Thinking vs Feeling
Thinking vs Feeling States
Thinking and feeling are different ways of assessing situations and making decisions.
Thinking means using logic and objective criteria for making rational decisions.
Feeling means using emotions and personal values for decision-making.
People naturally tend to be more of a Thinker or more of a Feeler. We aren’t 100% Thinkers or 100% Feelers all of the time. We can shift between a thinking state and a feeling state at different times and in different situations.
People Buy Emotionally
Why is this crucial for sales? People buy emotionally, and they justify their decisions intellectually. Our prospects buy emotionally in a Feeling state but give rational Thinker justifications for their choices.
When we’re in a thinking state we tend to become indecisive, more cautious, and not take action. It leads to analysis paralysis. This is not good for making sales. Feeling and emotions are good for sales.

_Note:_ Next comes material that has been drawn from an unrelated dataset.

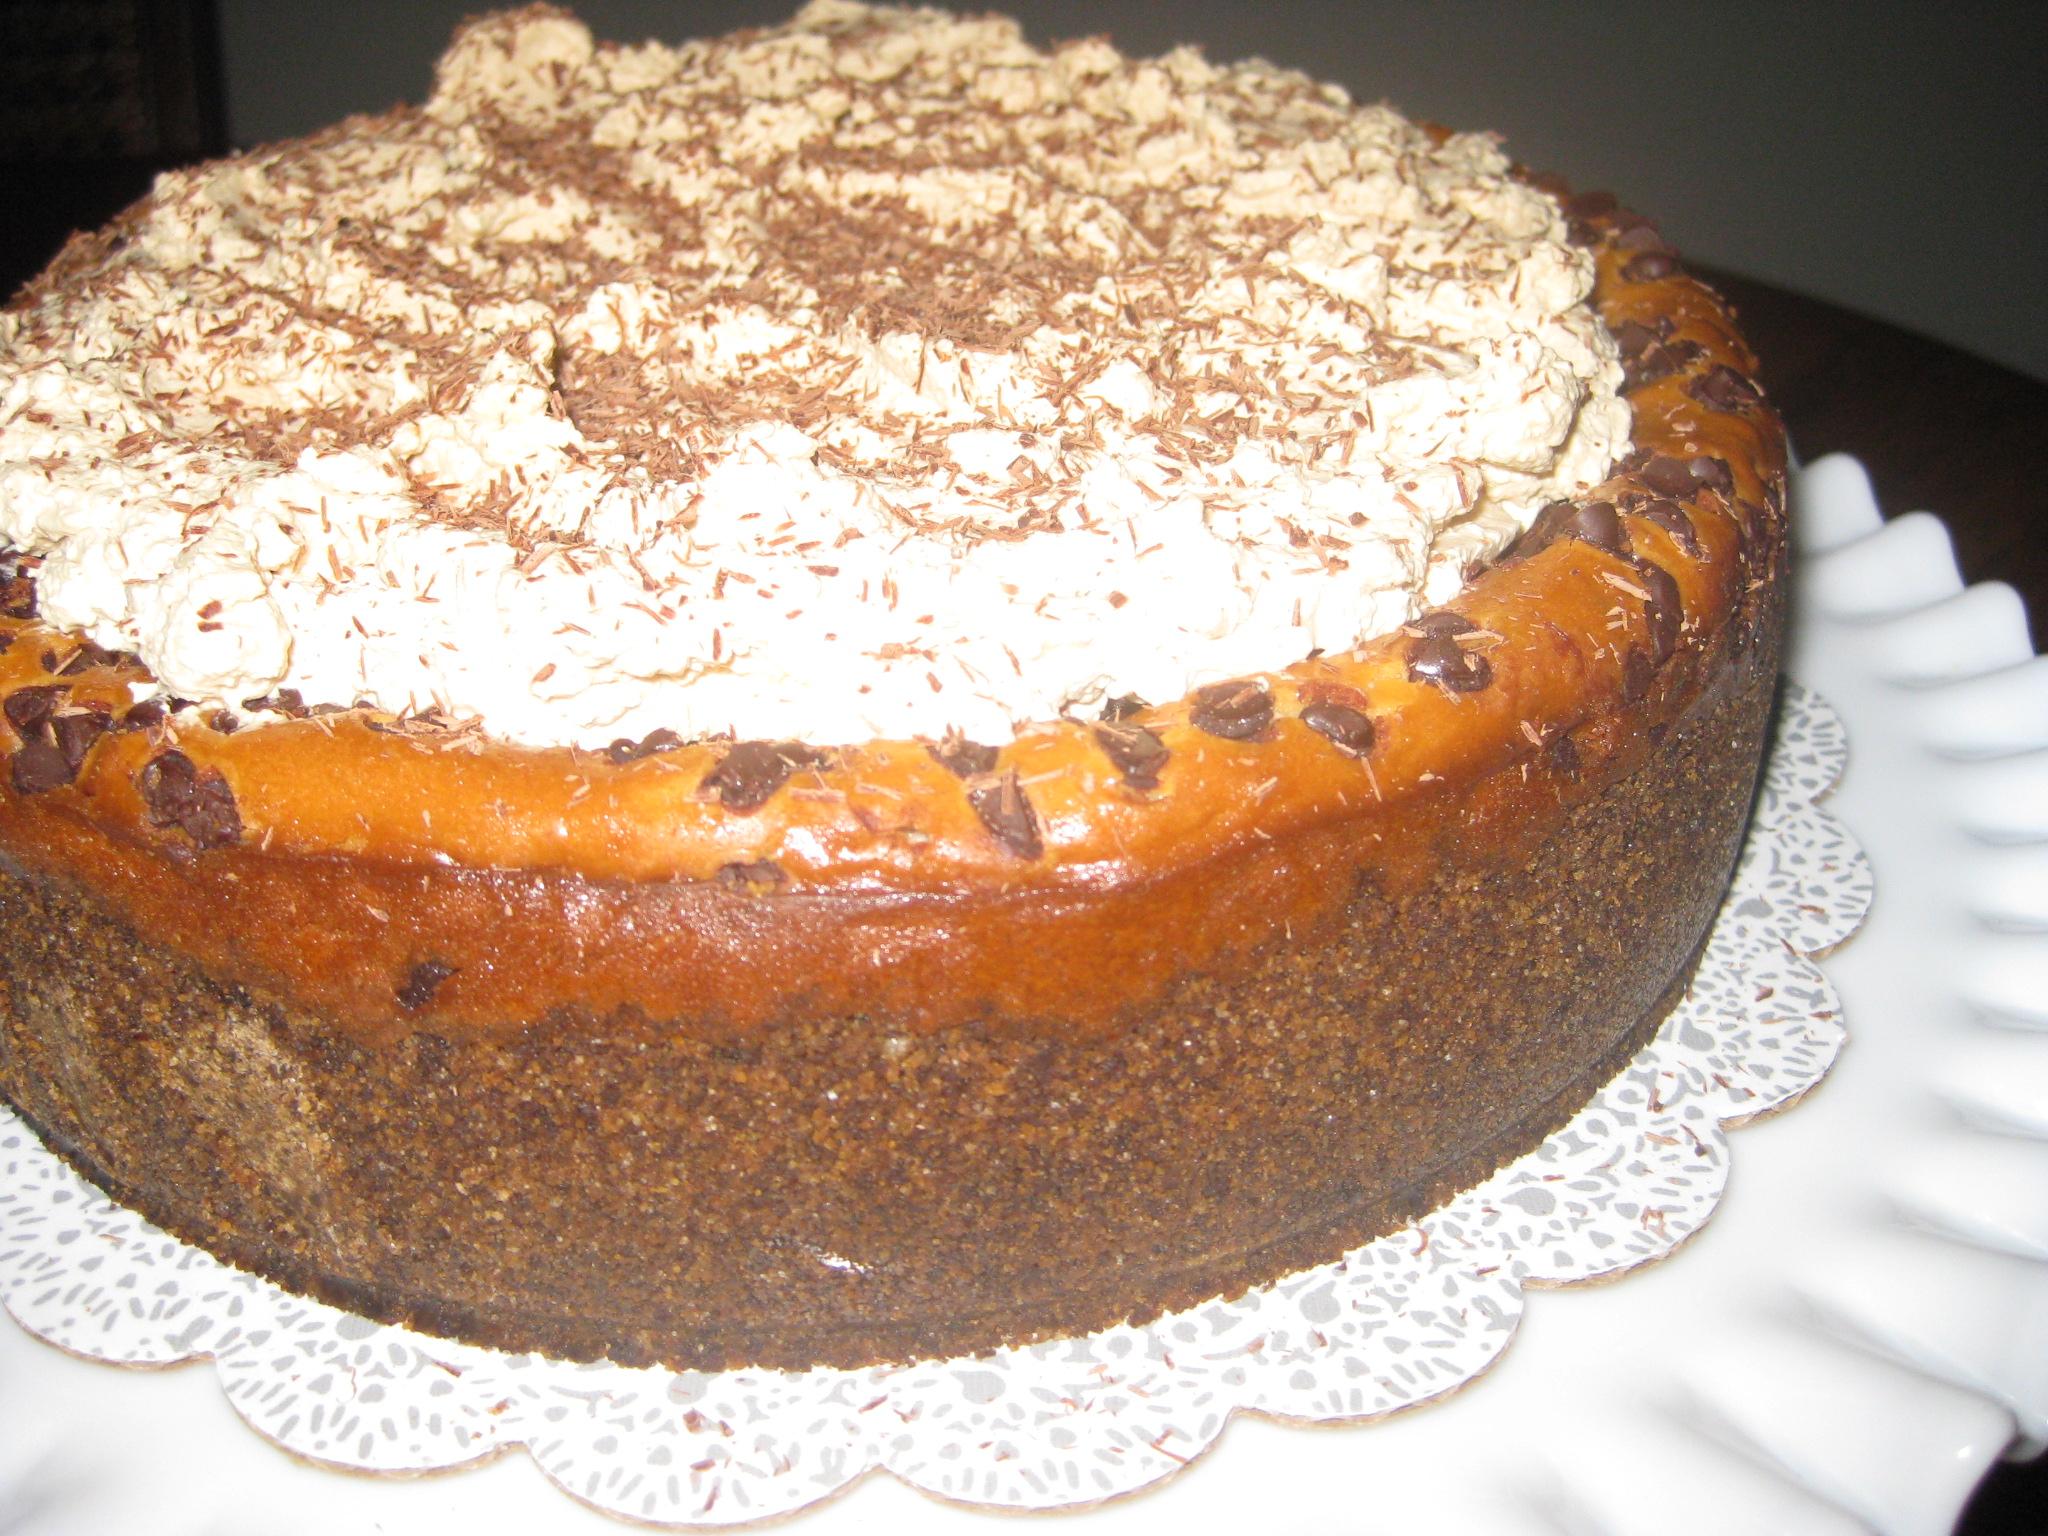 Coffee Liquor Chocolate Cheesecake Recipes — Dishmaps

Thinking is an even bigger problem if you’re selling a disruptive or emerging product/service where the prospect doesn’t have a planned budget and has little urgency. With this type of sale, the prospect often isn’t aware of your product or that their problem even existed. They can afford to be indecisive or not take action. They don’t NEED your product. When this is the case, your prospect will only take action if they have a sufficient amount of pain or a lot of excitement.
Techniques for Emotional Selling
So how do we tap into and connect with someone’s feeling state? How do we avoid putting them into a thinking state?
Avoid: Features and Benefits
Lean Into: Pain and Excitement
Avoid: Pitching
Lean Into: Storytelling
Avoid: Complexity
Lean Into: Simplicity
Avoid: ‘Getting into the weeds’
Lean Into: Succinct high level explanations
Avoid: Lots of factual, objective questions
Lean Into: Vision and dreaming
Avoid: Overwhelming your prospect with irrelevant information
Lean Into: Sharing only what is important to your prospect
Avoid: Overtalking and statements
Lean Into: Listening and questions
Avoid: Challenging implementation processes
Lean Into: Ease, support, help, and guidance
Avoid: Asking the prospect what they want to do next
Lean Into: Setting confident, prescriptive next steps
Avoid: Being overly scripted and distracted
Lean Into: Being in the moment and present
Avoid: Rushing
Lean Into: Taking the time needed
When to Engage the Thinking State?
The thinking state needs to be engaged if your product has a longer sales cycle and/or if your prospect has a relatively complex buying process. I’ve managing B2C sales teams where sales could be done on purely with emotional selling. We were able to shorten our sales cycle to 1 day in many cases. No need for the thinking state.
But if you’re selling to Enterprise customers (like my team does now) you must engage the thinking state too. You need to:
Know your prospect’s decision-making process
Ensure that you’re engaging other stakeholders
Learn about their budgeting process and how to secure an approval
Understand potential blockers/challenge
Have a clear picture of the procurement process.
Otherwise the initial feeling will fade, your deal will stall, and you’ll lose the sale to inaction or your competition.